Figure 4: STL file imported into DentalCAD: A: Anterior view B: Posterior view C: Occlusal view

Figure 5: Post space detetcted as red color

Figure 6: Single unit post and crown design

The design information (Fig 7) was transmitted to a 5-axis milling machine (Arum 5X-200; DoowonID Co) and mill a zirconia block (AlphaZ; DMAX Intl). The milled zirconia post-and-core was later sintered in a furnace (Austromat mSiC; Dekema Dental- Keramikofen GmbH) (Fig 8). The internal surface of the zirconia post and crown was sandblasted with CoJetTM sand (3M ESPE) 30µm particles and a silane coupling agent (Monobond N, Ivoclar Vivadent) was applied to the internal surface which improves the bonding. The post and core was cemented using self-adhesive resin cement (3M ESPE Relyx Unicem 2 automix) (Fig 9).

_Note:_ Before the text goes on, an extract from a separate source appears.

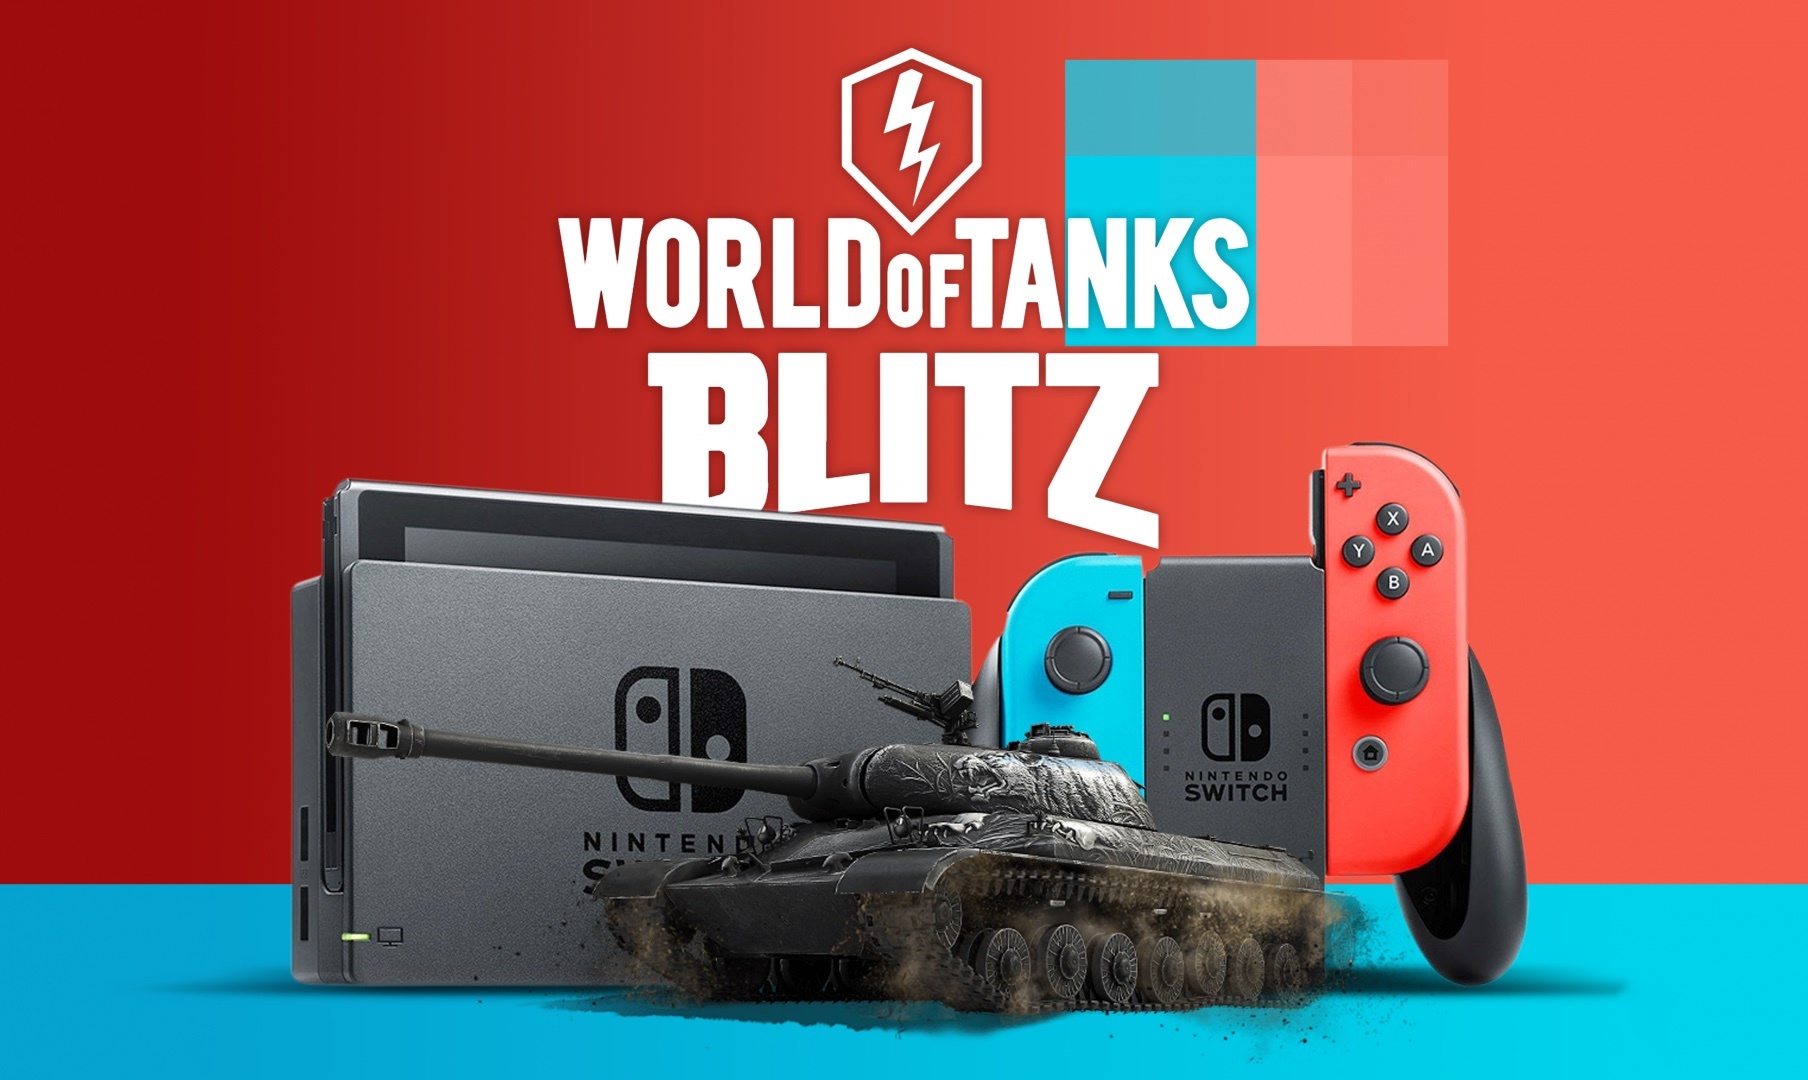  World of Tanks     Nintendo Switch

Figure 7: STL images showing anterior, posterior, lateral views

Figure 8: Zirconia prosthesis

Figure 9: Post cementation: A: clinical photograph B: Post cementation radiograph

Case Report – 2:
A 35-year-old male patient reported to the Department of Conservative Dentistry and Endodontics with a chief complaint of pain in the lower right back tooth region. On clinical examination, tooth # 46 was grossly carious with fractured distobuccal and distolingual cusps (Fig 10A). Tooth was tender on vertical percussion. Vitality tests gave an exaggerated response. The radiograph revealed dental caries involving enamel and dentin with concomitant pulpal involvement and mild periodontal ligament widening in the periapical region (Fig 10B). The condition was diagnosed as chronic irreversible pulpitis with apical periodontitis. Root canal treatment was proposed to the patient, followed by Digi post of metal which would later be followed by prosthetic rehabilitation. Informed consent was obtained.Following the root canal therapy, post space was prepared concerning the distal canal (Fig 10 C, D).
Subsequently, the posterior segmental CBCT was obtained, and the Digi post was fabricated using Cobalt – chromium alloy (Fig 11). Post was cemented and further rehabilitated with a porcelain fused to metal prosthesis (Fig 12).

Figure 10: Case- 2: A: Pre-operative clinical photograph #46 B: pre-operative radiograph C: Working length determination D: obturation followed by post space preparation

Figure 11: Fabrication of posterior Digi Post

Figure 12: A: Radiograph of cemented Digi post B: post-operative clinical photograph C: post-operative radiograph

Discussion:
The success of endodontically treated teeth depends significantly more on the post endodontic restoration rather than the quality of endodontic treatment as suggested by Trope and Ray 8. Cast posts adapt to the root canal anatomy and can be used in all types of canal configurations- oval or elliptical. A trivial change in core angulation can be done using cast posts and hence they can be used for amending proclined teeth contrasting other prefabricated posts 9. According to Gomez Polo et al, custom posts have shown higher survival rates over 10 years 10. But the drawbacks in the existing state of art include manual errors, material dependent errors, lesser precision, casting errors, unpredictable outcome after fabrication, and multiple visits of the patient.

Pinto et.al studied the efficacy of intraoral scanners to attain the 3D image of post space but has stated that the application of the intraoral scanners for the post-space reading has been proven to be still not reliable to deliver an anatomic post, as there is still depth reading limitations for the narrow root canals. In reality, in this type of channels, it is difficult to reach with the light beam of the IOS to the deepest areas of the post-space, with a consequent incomplete post-space reading 6.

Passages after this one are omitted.